Prep Time 20 minutes
Cook Time 10 minutes
Total Time 30 minutes
Servings: 8 servings

Ingredients
  

  • 12 ounces short pasta (rotini, fusilli, or bowties)
  • 1 cup cherry tomatoes, halved
  • 1 cup cucumber, diced (English or Persian)
  • 3/4 cup bell pepper, diced (any color)
  • 1/2 small red onion, thinly sliced or finely chopped
  • 1/2 cup black olives, sliced (optional)
  • 3/4 cup feta cheese, crumbled (or mozzarella pearls)
  • 1/2 cup salami or pepperoni, chopped (optional for extra savoriness)
  • 1/4 cup fresh parsley, chopped
  • 2 tablespoons fresh basil, thinly sliced
  • 1/3 cup extra-virgin olive oil
  • 3 tablespoons red wine vinegar (or white wine vinegar)
  • 1 tablespoon Dijon mustard
  • 1 teaspoon honey (or sugar)
  • 1 large garlic clove, minced
  • 1 teaspoon dried oregano
  • 1/2 teaspoon kosher salt, plus more to taste
  • 1/2 teaspoon black pepper
  • Pinch of red pepper flakes (optional)

Method
 

  1. Cook the pasta: Bring a large pot of salted water to a boil. Cook pasta until just al dente, 1 minute less than package directions. You want a little bite so it doesn’t go mushy.
  2. Rinse and cool: Drain and rinse under cold water to stop cooking. Shake off excess water, then spread on a baking sheet to cool and dry slightly for 5–10 minutes.
  3. Make the dressing: In a jar or bowl, whisk olive oil, vinegar, Dijon, honey, garlic, oregano, salt, pepper, and red pepper flakes until emulsified.
  4. Toss the base: In a large bowl, combine cooled pasta, tomatoes, cucumber, bell pepper, red onion, and olives.
  5. Add the dressing: Pour about 3/4 of the dressing over the salad and toss well to coat. Let it sit 5 minutes to absorb flavors.
  6. Fold in extras: Gently mix in feta, salami or pepperoni (if using), parsley, and basil. Add more dressing to taste.
  7. Season and chill: Taste and adjust with extra salt, pepper, or a splash of vinegar. Cover and refrigerate at least 30–60 minutes before serving.
  8. Serve: Give it a quick toss.
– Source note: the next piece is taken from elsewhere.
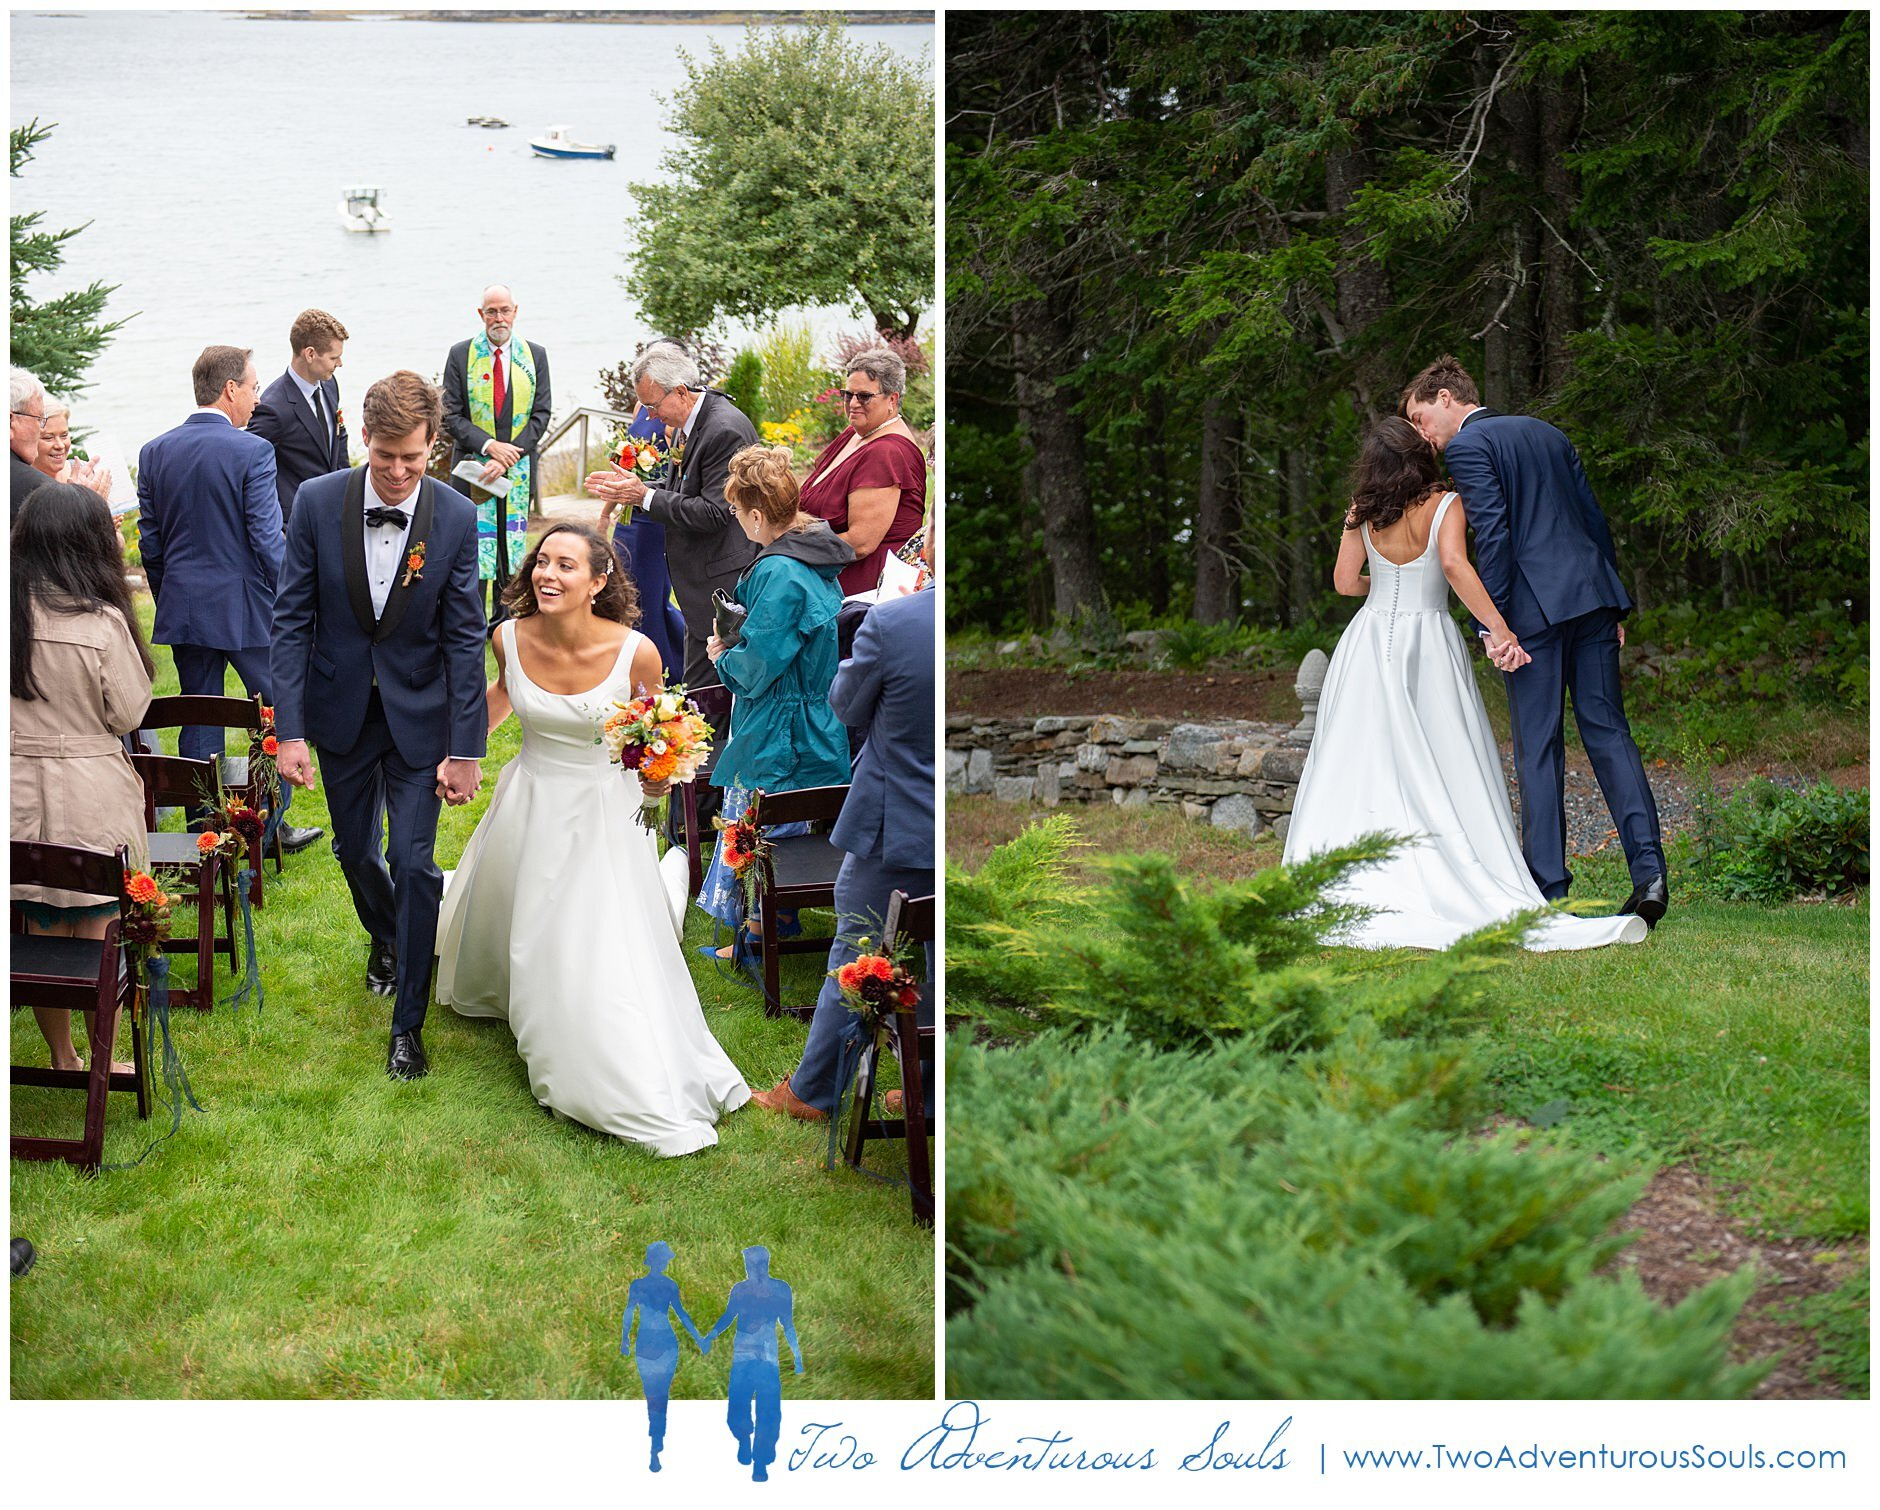 Bar Harbor Wedding Photographers, Acadia Bay Inn Wedding Photographers, Two Adventurous Souls- 091419_0025.jpg
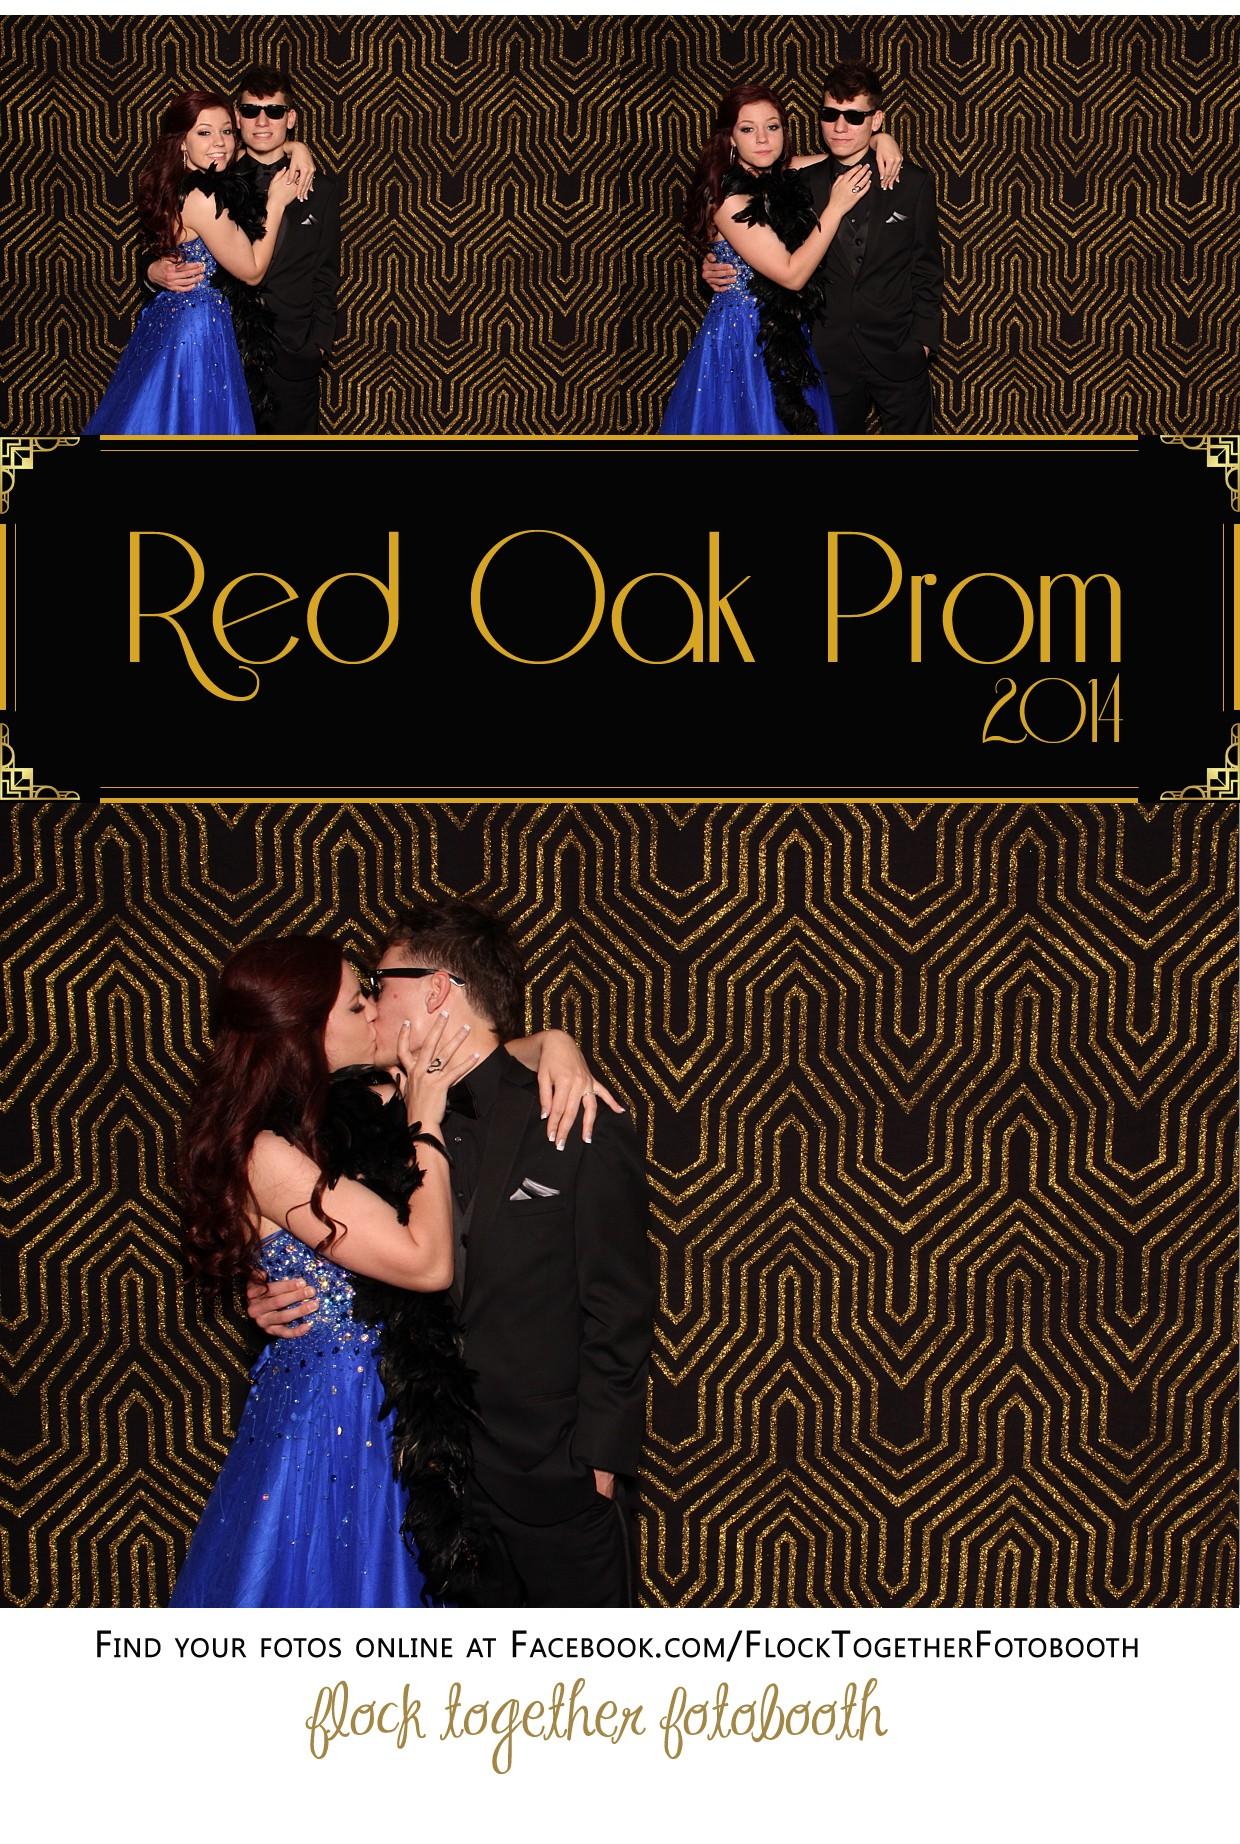 Prom photo booth in Dallas Texas

If it seems dry after chilling, add a drizzle of olive oil or a spoonful of dressing to refresh it.

What Makes This Recipe So Good

Cooking process close-up: Just-drained al dente rotini spread on a rimmed baking sheet, glistening f
  • Make-ahead friendly: The flavors improve after a few hours in the fridge, so it’s perfect for cookouts and potlucks.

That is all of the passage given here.